In a very large mixing bowl, combine the dried bread cubes with the poblano strips and the warm fruit-and-nut mixture. Toss with your hands until every cube has touched the lard. Pour the warm chicken broth over the bread in three additions, tossing between each. The bread should drink it but not collapse. Stop adding broth the moment the cubes are damp through but still distinct. Season with the tablespoon of salt and taste a corner. Adjust until it tastes assertive on its own; the eggs and the oven will mellow it.
Once the mixture has cooled to just warm (not hot or you will scramble the eggs), pour the beaten eggs over the top and fold them in with a wooden spoon. The egg is what holds the relleno together when you slice it on the table.

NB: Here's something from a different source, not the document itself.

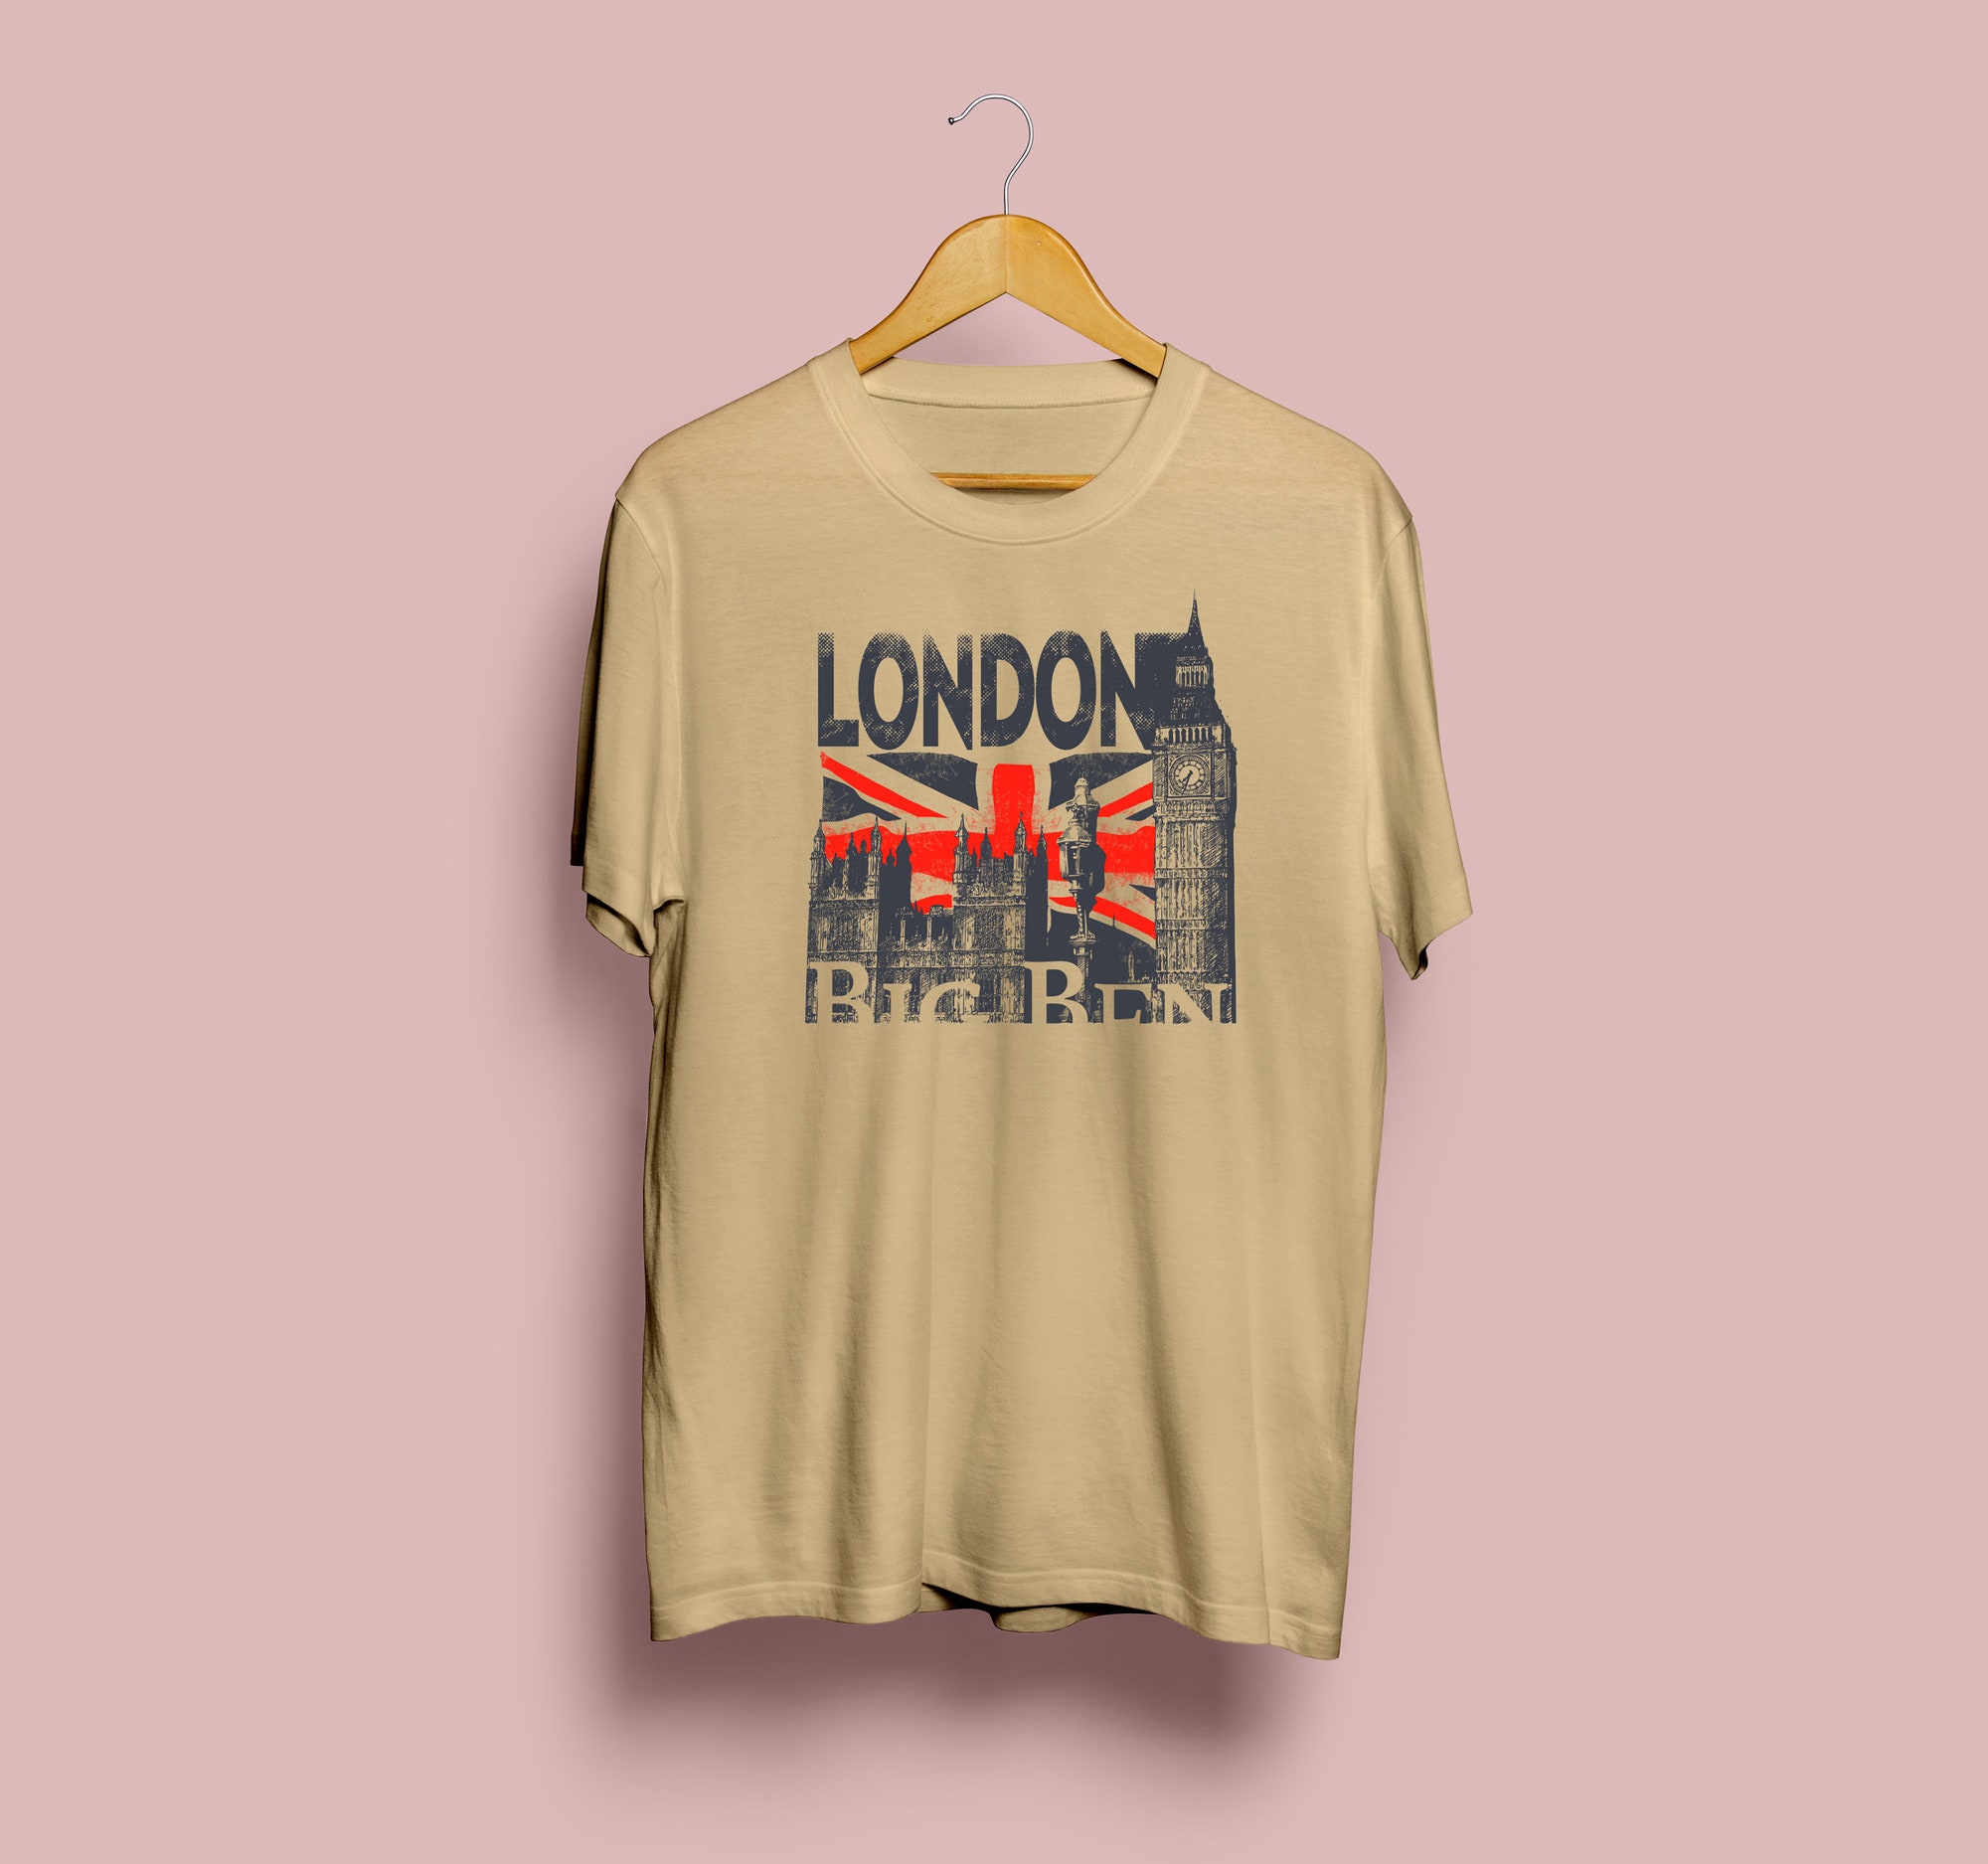 Discover London Shirt, London T-Shirt, England London Shirt

Heat the oven to 350F. Grease a wide 12-inch clay cazuela or a 9-by-13 baking dish generously with the remaining 2 tablespoons of manteca, sides included. Pile the relleno in loosely. Do not pack it down. Pressed-in stuffing turns gummy. Dot the top with a little more lard if you have it. Bake uncovered for 45 to 55 minutes, until the top is dark gold and crisp and the inside is set when you tap the cazuela.
Let the relleno rest in the cazuela for 10 minutes before serving. Scatter pomegranate seeds and a few parsley sprigs across the top if you have them. Bring the whole cazuela to the table. This is a dish for a Christmas pavo or a roast chicken from the panaderia, and it belongs in the middle of the family, not portioned in the kitchen. Asi se hace y punto.